Suar Pertempuran Israel-Gaza untuk Hari Kedua

Kebakaran paling ganas dalam lebih dari satu tahun antara Israel dan militan Gaza diperpanjang menjadi hari kedua pada hari Sabtu, dengan baku tembak roket dan serangan udara yang menghancurkan bangunan tempat tinggal dan mendorong korban tewas dari dua hari pertempuran menjadi sedikitnya 24 termasuk enam anak-anak. , menurut pejabat kesehatan Palestina.

Militer Israel mengatakan telah menyerang dua tempat tinggal Gaza milik kelompok militan Jihad Islam yang digambarkan sebagai gudang senjata. Para pejabat militer mengatakan bahwa peringatan sebelumnya telah diberikan, dan bahwa bangunan-bangunan dievakuasi sebelum serangan.

Jihad Islam dan kelompok militan Palestina yang lebih kecil lainnya di Gaza menembakkan roket ke kota-kota Israel di dekat wilayah itu dan kota-kota yang lebih jauh di Israel tengah, termasuk Tel Aviv, membuat para pengunjung pantai Israel bergegas mencari perlindungan. Israel mengatakan Jihad Islam telah menembakkan 400 roket selama dua hari.

Ketegangan baru menyoroti tantangan untuk mencegah gejolak di Israel dan wilayah pendudukan ketika kepemimpinan Israel dan Palestina terbagi dan lemah secara politik, perhatian internasional ada di tempat lain dan ada sedikit harapan untuk mengakhiri blokade 15 tahun di Jalur Gaza. oleh Israel dan Mesir.

“Tidak ada akhir yang terlihat untuk siklus ini, dan tampaknya tidak ada aktor yang ingin membangun alternatif yang lebih stabil,” kata Prof.
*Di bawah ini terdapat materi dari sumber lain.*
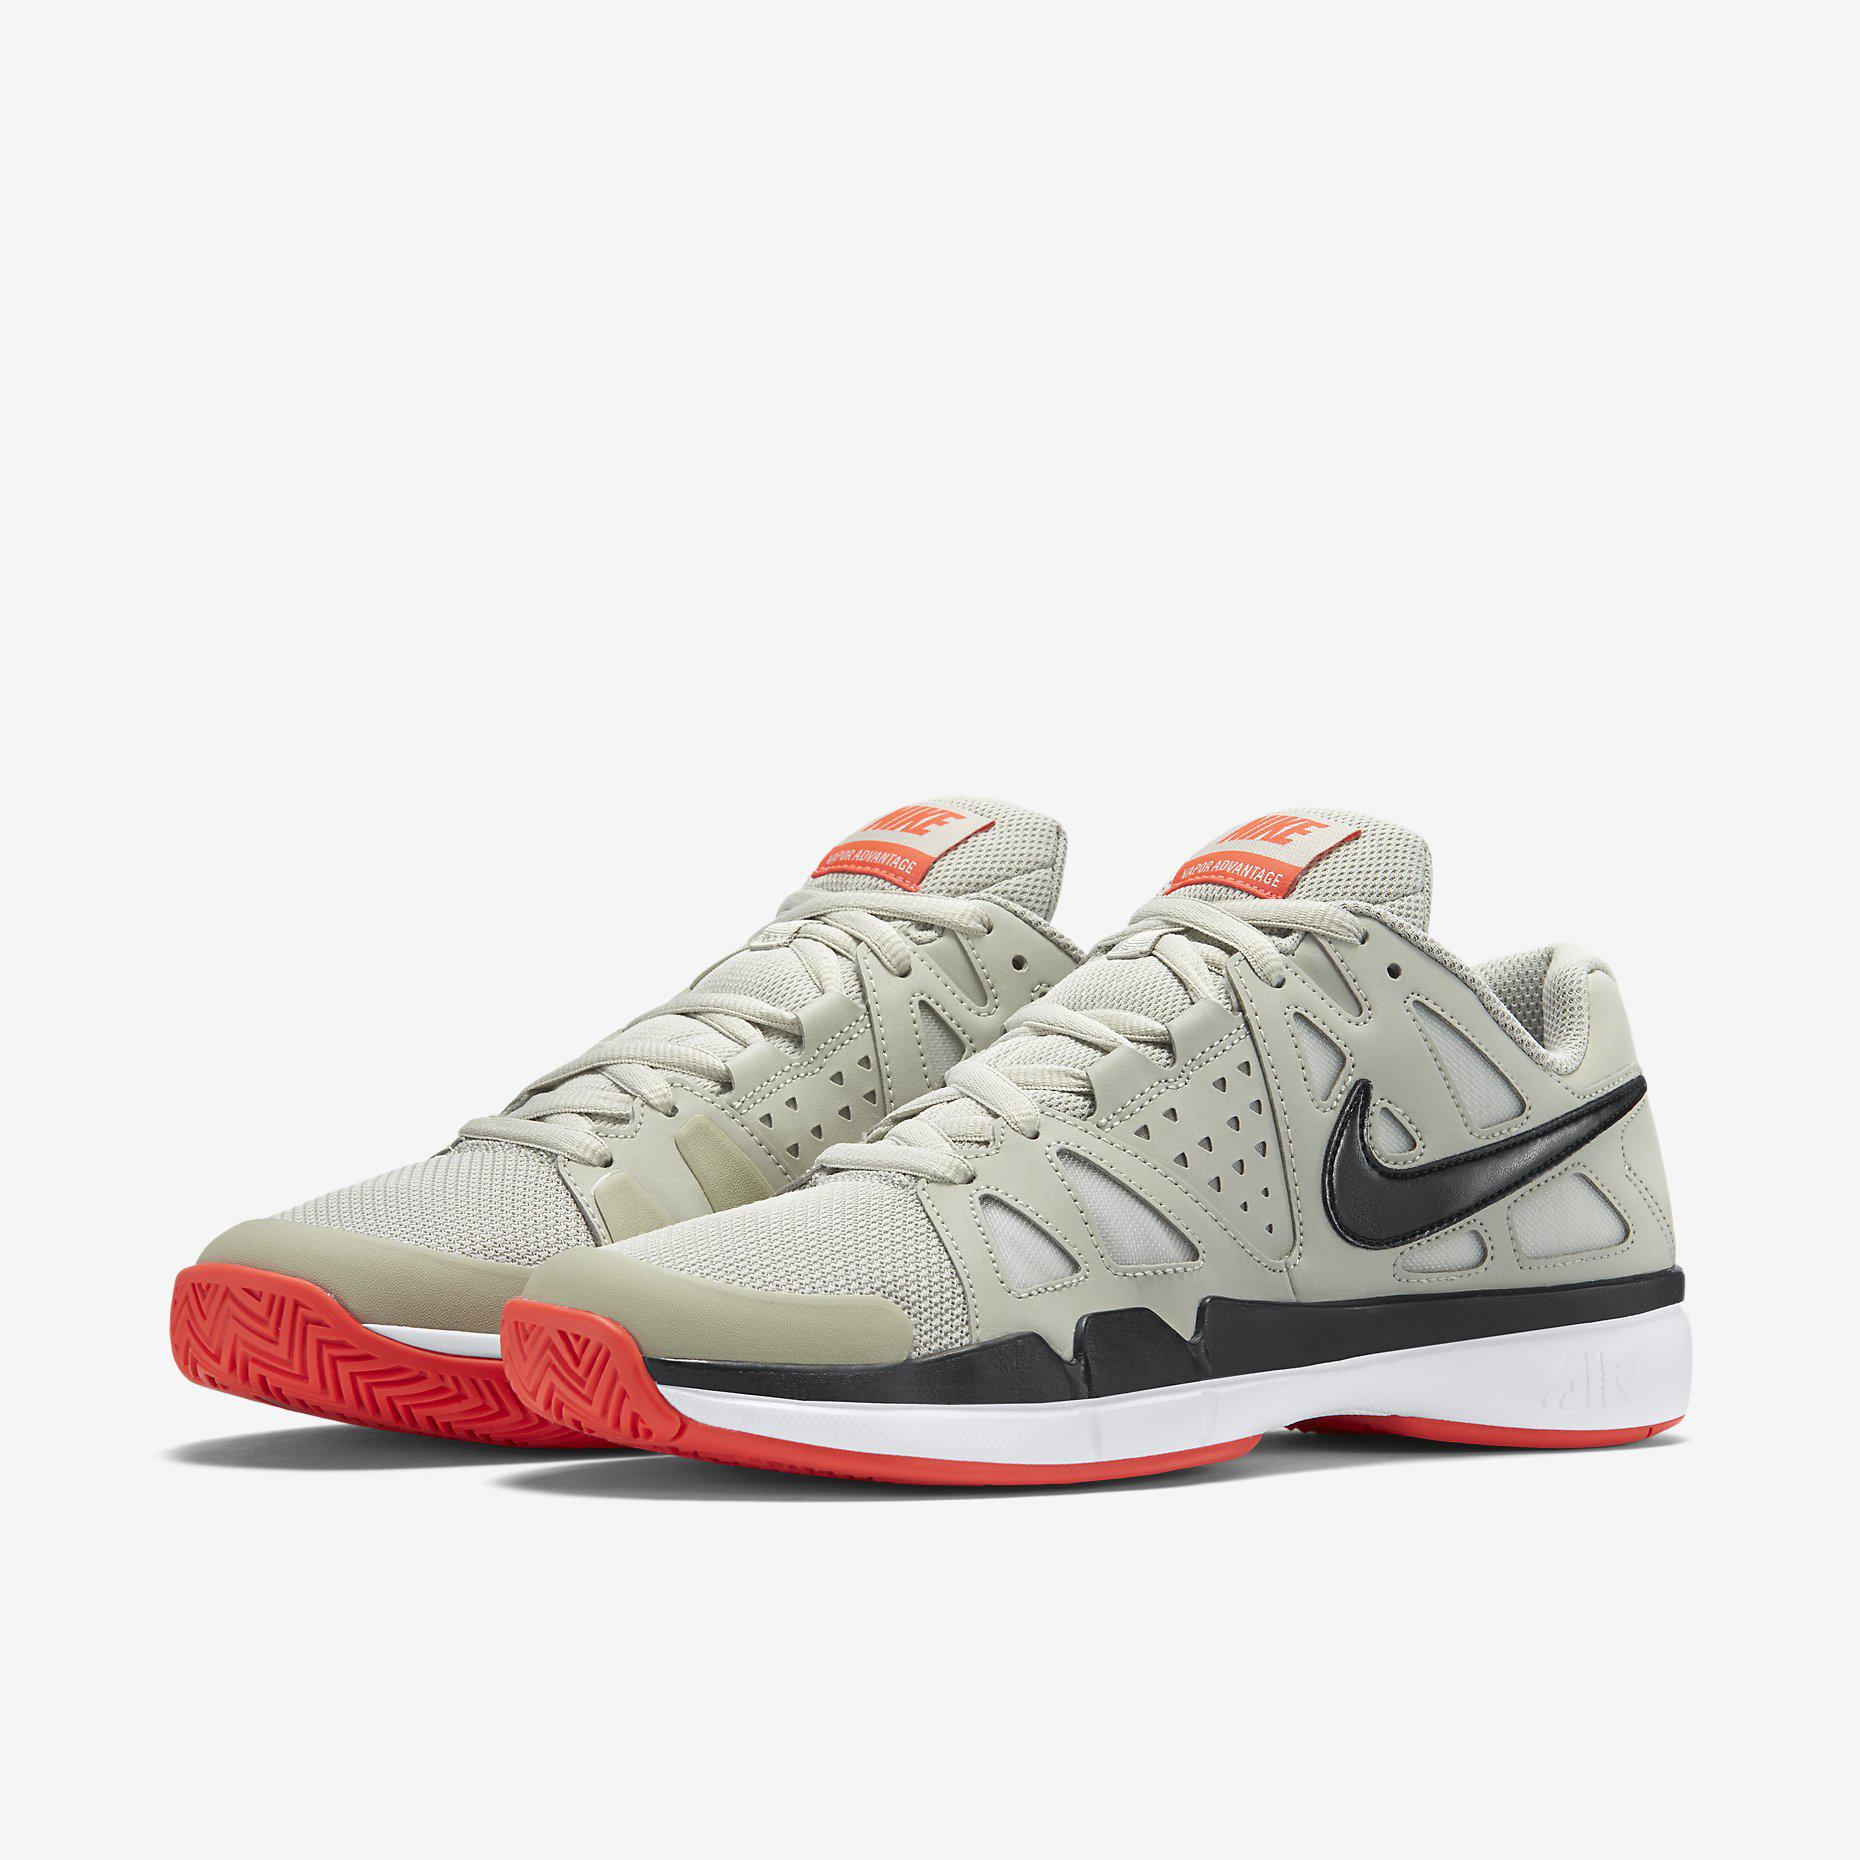 super popular fcd8d 027f9 ... spain nike mens air vapor advantage tennis shoes lunar grey bright  crimson 99563 a9cda

Nathan J. Brown, pakar Timur Tengah di Universitas George Washington.

Putaran pertempuran ini, yang dimulai pada hari Jumat dengan serangan udara Israel, terutama mengadu Israel melawan Jihad Islam, kelompok militan terbesar kedua di Gaza. Hamas, milisi dominan di Gaza, sejauh ini menjauh dari keterlibatan langsung, meningkatkan harapan bahwa konflik tidak akan meningkat menjadi perang yang lebih besar.

Pada Sabtu malam, Israel memberi isyarat bahwa mereka siap untuk menerima gencatan senjata, dengan juru bicara militer Israel mengatakan kepada wartawan bahwa Israel akan berhenti menembak jika Jihad Islam berhenti terlebih dahulu.

Orang-orang Palestina yang terbunuh pada hari Sabtu menjadikan jumlah korban tewas dalam dua hari menjadi sedikitnya 20 orang, menurut pejabat kesehatan di Gaza. Salah satu dari mereka yang terbunuh pada hari Jumat adalah seorang gadis berusia 5 tahun. Seorang juru bicara militer Israel, Letnan Kolonel Richard Hecht, mengatakan ayah anak itu adalah seorang komandan senior Jihad Islam, tetapi tidak mengatakan apakah dia menjadi sasaran serangan udara yang menewaskan putrinya.

Keluarga tidak akan berkomentar apakah sang ayah terkait dengan Jihad Islam.

Tiga anak lagi adalah tewas pada hari Sabtu, meskipun tidak segera jelas apakah mereka terkena serangan Israel atau roket Palestina yang salah tembak. Militer Israel mengatakan mereka terbunuh oleh peluncuran roket Jihad Islam yang gagal.

Setidaknya dua tentara Israel dan seorang warga sipil terluka, menurut pejabat Israel dan laporan berita. Tetapi sebagian besar roket Palestina jatuh di area terbuka atau dicegat oleh sistem pertahanan udara Iron Dome Israel, menurut militer.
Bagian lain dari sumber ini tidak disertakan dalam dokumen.